CRITIQUE ON A PASSAGE IN DANTE.

[WE recommend to the curious in Italian literature, and particularly to the admirers of the Divina Commedia, the following proposed interpretations of several very difficult passages in the Inferno of Dante.* They are decidedly the best explanations we have seen, of the passages referred to, on which, by the way, whole volumes have been written. With regard to the new reading of che i for ch'ei, the merest novice in Italian, will acknowledge the improvement; and it is really surprising, that a correction so simple, and so perfectly satisfactory, should not have been suggested by any of the Dantesque commentators, who for five hundred years have been striving to outdo each other in variæ lectiones and new interpretations. The other explanations are ingenious, and most probably correct.]
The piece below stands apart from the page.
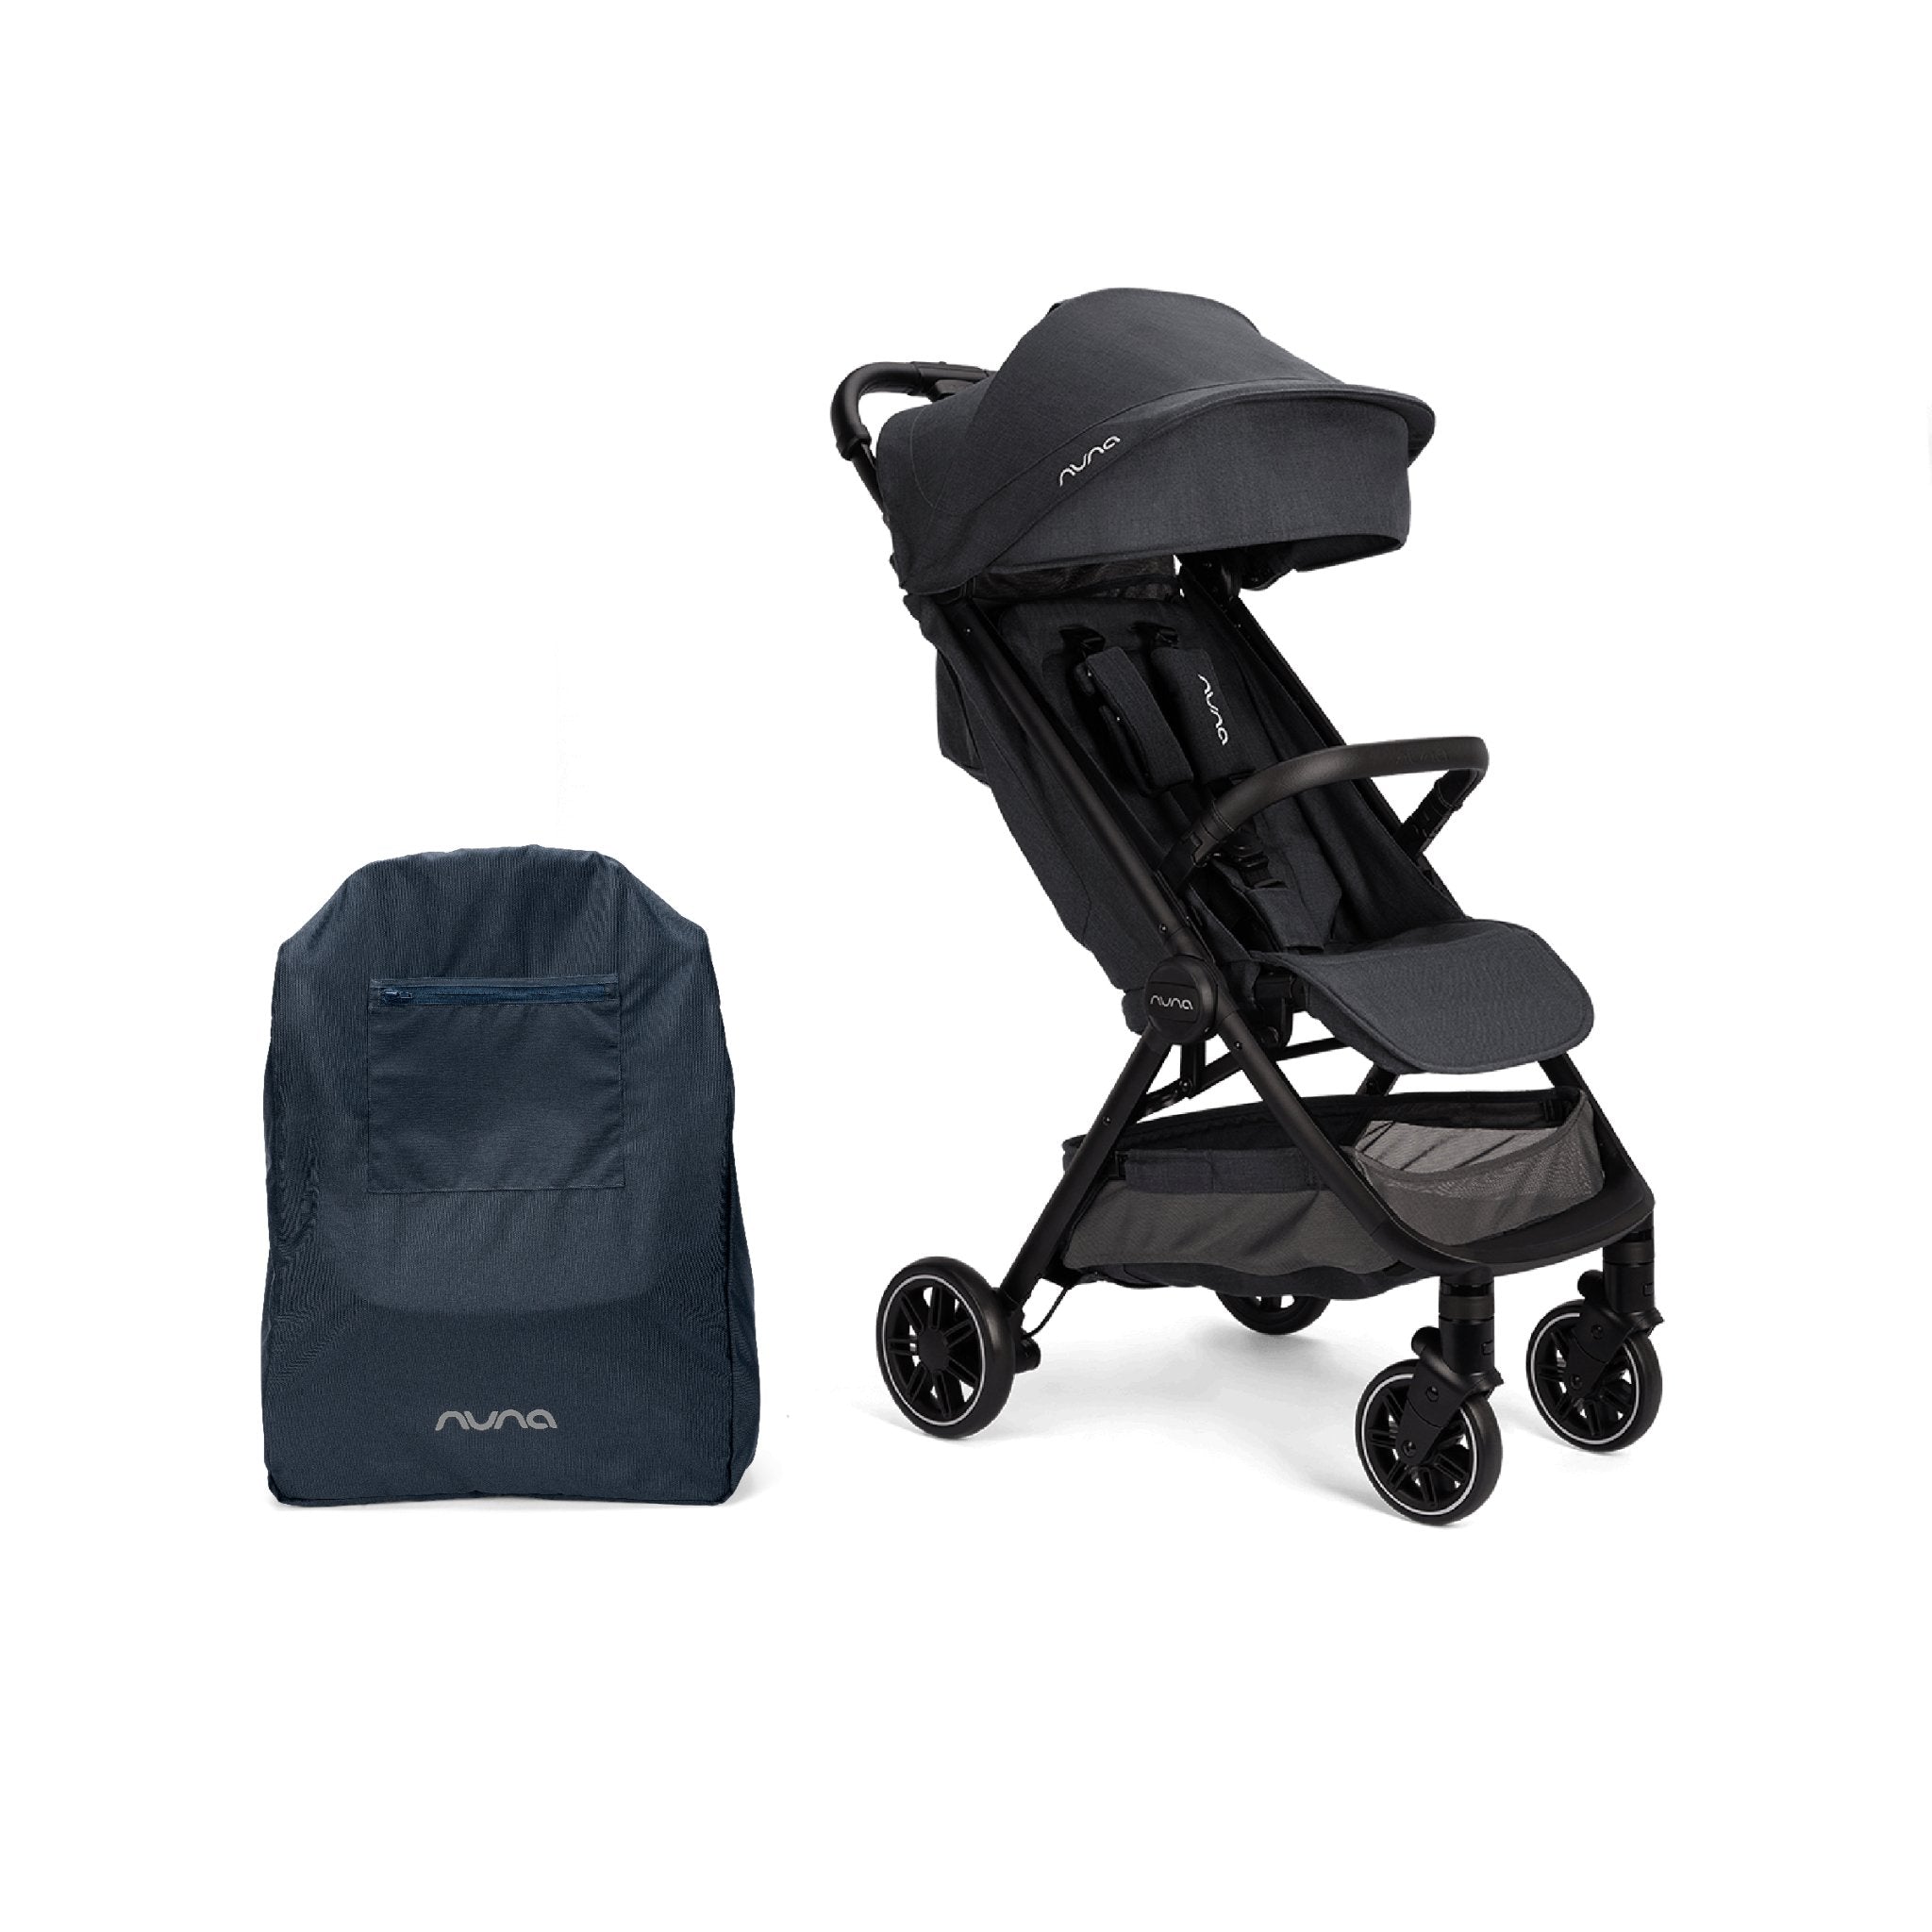 Nuna TRVL Stroller with Travel Bag - ANB Baby -8720246549140$300 - $500

To the Editors of the Atheneum Magazine.

GENTLEMEN, In the course of my investigations of the difficulties which the language and manner of Dante occasionally present, I have been led to believe, that in ten or twelve instances at least, in the Inferno alone, modes of interpretation might be offered, which would reconcile the objections of the critics, and remove all doubts of the meaning of the author. Of these, I now subjoin the first, reserving the others for another opportunity.

INF. CANT. I. v. 29, 30.

Ripresi via per la piaggia deserta

Sicchè il piè fermo sempre era il più basso.

In order to ascertain the actual situation, position, and movement of Dante, we ought to go back to verse 13.

Ma poi ch' io fui appiè del colle giunto

Là ove terminava quella valle

and give to the expression appiè del colle, a signification, similar to that conveyed by the following line from one of Petrach's sonnets:

Appiè de' colli ove la bella vesta.

Here every one will admit that the poet does not speak of a place actually adjoining, but merely of a place very near the foot of the hills, in which place Laura was born, and where too the five pernici, supposed to be referred to by the poet, ranged while they lived "unhindered and unhurt."

There appear to me to be two good reasons for this interpretation. First, Dante in order to express perfect contact, makes use, elsewhere, of a much stronger expression. I refer to the 134th verse, of the 17th canto of the Inferno:

Appiè appiè della stagliata rocca

*We have room only for the discussion of one of these passages in this number.